As a more involved example, let's build a reverse polish notation (RPN) calculator. RPN is a notation where operands precede their operator, so that (3 1 2 + *) in RPN corresponds to ((3 + 1) * 2), for example. To make our program easier to understand, we wish to separate parsing the input from performing the calculation:
-- file: rpn.hs data Lex = Number Double Lex | Plus Lex | Times Lex | End lexRPN :: String -> Lex lexRPN = go . words where go ("*":rest) = Times (go rest) go ("+":rest) = Plus (go rest) go (num:rest) = Number (read num) (go rest) go [] = End
The Lex
datatype represents a formula in RPN and is similar to the standard list type. The lexRPN
function reads a formula from string format into our own datatype. Let's add an evalRPN
function, which evaluates a parsed RPN formula:
evalRPN :: Lex -> Double evalRPN = go [] where go stack (Number num rest) = go (num : stack) rest go (o1:o2:stack) (Plus rest) = let r = o1 + o2 in r `seq` go (r : stack) rest go (o1:o2:stack) (Times rest) = let r = o1 * o2 in r `seq` go (r : stack) rest go [res] End = res
We can test this implementation to confirm that it works:
> :load rpn.hs > evalRPN $ lexRPN "5 1 2 + 4 * *" 60.0
The RPN expression (5 1 2 + 4 * *)
is (5 * ((1 + 2) * 4)) in infix, which is indeed equal to 60.
Note how the lexRPN
function makes use of guarded recursion when producing the intermediate structure. It reads the input string incrementally and yields the structure an element at a time. The evaluation function evalRPN
consumes the intermediate structure from left to right and is tail-recursive, so we keep the minimum amount of things in memory at all times.
Note
Linked lists equipped with guarded recursion (and lazy I/O) actually provide a lightweight streaming facility – for more on streaming see Chapter 6, I/O and Streaming.
Accumulator parameters
In our examples so far, we have encountered a few functions that used some kind of accumulator. mySum2
had an Int
that increased on every step. The go
worker function in evalRPN
passed on a stack (a linked list). The former had a space leak, because we didn't require the accumulator's value until at the end, at which point it had grown into a huge chain of pointers. The latter case was okay because the stack didn't grow in size indefinitely and the parameter was sufficiently strict in the sense that we didn't unnecessarily defer its evaluation. The fix we applied in mySum2'
was to force the accumulator to WHNF at every iteration, even though the result was not strictly speaking required in that iteration.

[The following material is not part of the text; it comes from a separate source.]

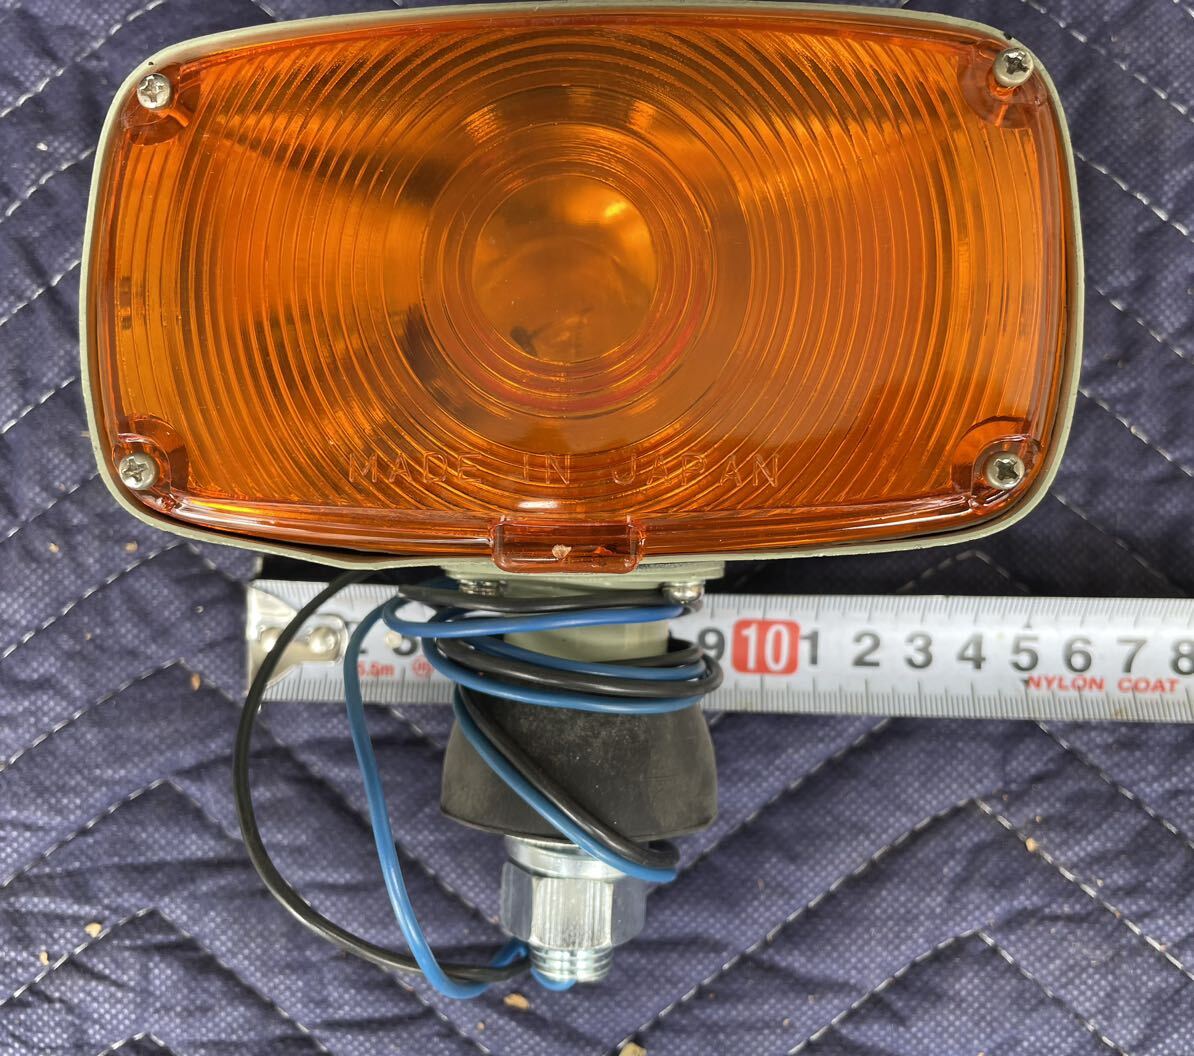  редкий прямоугольник двусторонний указатель поворота 2 шт. комплект маркер (габарит) лампа Showa Retro автобус Isuzu капот автобус westel маркер (габарит) свет tail подлинная вещь saec

The final lesson is that you should apply special care to your accumulator's strictness properties. If the accumulator must always be fully evaluated in order to continue to the next step, then you're automatically safe. But if there is a danger of an unnecessary chain of thunks being constructed due to a lazy accumulator, then adding a seq
(or a bang pattern, see Chapter 2, Choose the Correct Data Structures) is more than just a good idea.